Anyone who took an interest in butterflies was the subject of pity and derision and often misunderstood, or worse - one of Petiver's hunters was suspected of practising witchcraft and necromancy, since butterflies were thought to represent the souls of the dead. The process of metamorphosis was still a mystery, and was cause for much speculation. It was put forward as proof that alchemy was possible, that werewolves existed, and that God, the creator, did not, since it was generally believed that caterpillars were 'birthed' by leaves, by way of 'spontaneous generation’.

 

The isolated, mist-shrouded, half-drowned villages of Somerset - named Land of the Summer people, on account of the fact that much of it was flooded during the winter months - often seethed with resentments, grudges, suspicion and prejudice.

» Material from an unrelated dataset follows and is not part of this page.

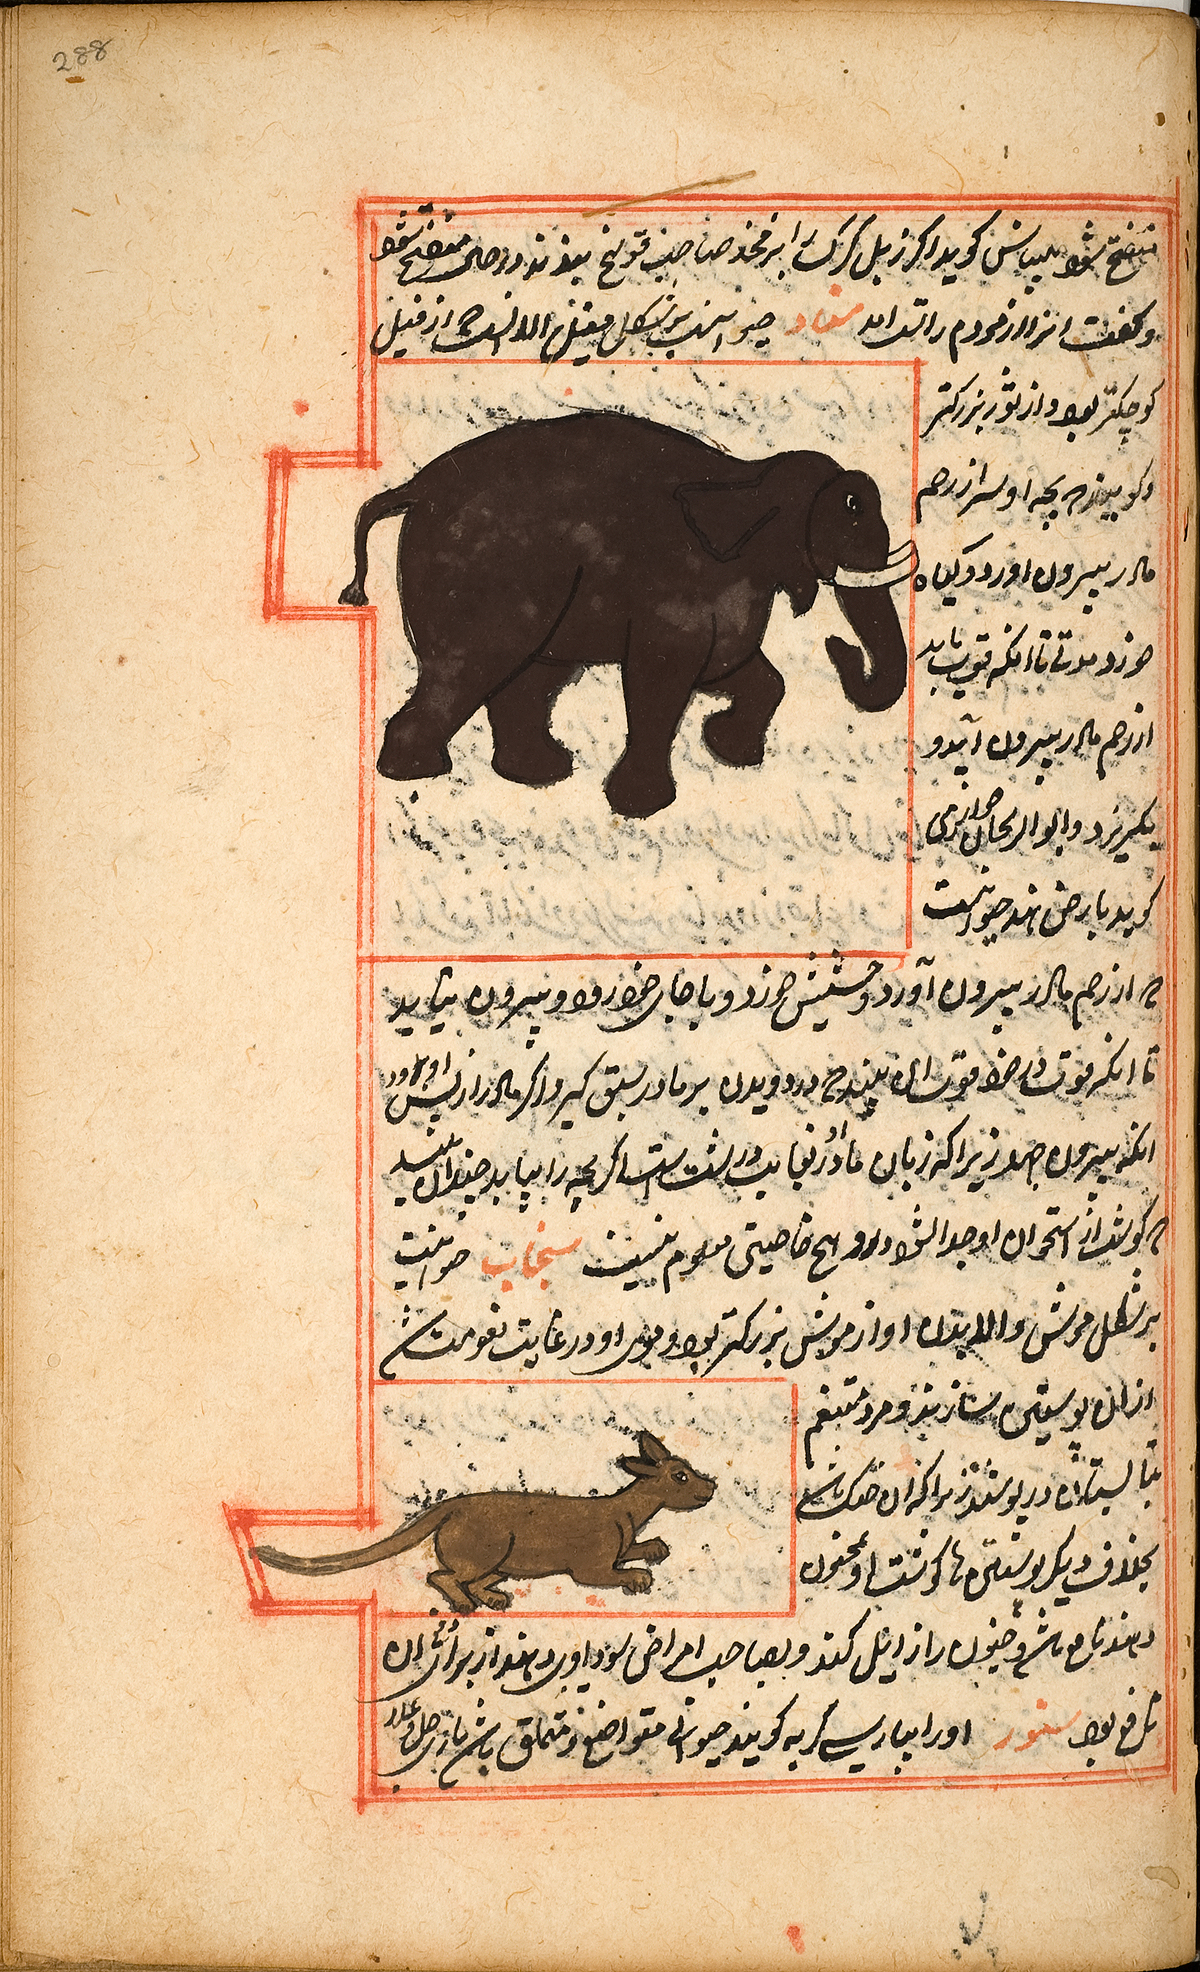 The top image is a large brown elephant with large white tusks and a small mammal native to the Middle East, surrounded by Persian text and a red double ruled border.

And a woman who dared to forsake domesticity in favour of learning and science and what were considered 'masculine' pursuits', was especially prey to ridicule and superstition.

 

Civil War, Riot and Rebellion

The years of Lady Eleanor Glanville's life (1654 - 1709) encompasses a time of great change, instability and conflict in England. When Eleanor was born the country had been torn apart by bloody civil, Cromwell ruled the land as Lord Protector and Christmas was forbidden. Four years later, King Charles II was restored to the throne and presided over a court that puritans despised for its debauchery and decadence. The period until his death and the accession of James II in 1685 was almost as turbulent as the previous decades, marked by hatred and fear of Catholics that resulted in the Popish Plot and the Rye House Plot. There were two Dutch wars, the Great Plague and the Fire of London. Then, in 1688, came more upheaval and what is now termed the Glorious Revolution, which saw King James overthrown and the joint rule of William and Mary.

 

In Eleanor's home county of Somerset, wars continued late into the century, and brother turned once more against brother in the Monmouth Rebellion, which ended in the slaughter that was the Battle of Sedgemoor. Traditionally regarded as the last hand-to-hand battle to be fought on English soil, it resulted in what became known as the Bloody Assizes, the retribution of Judge Jefferies, which saw hundreds put to death at gallows all across the west country.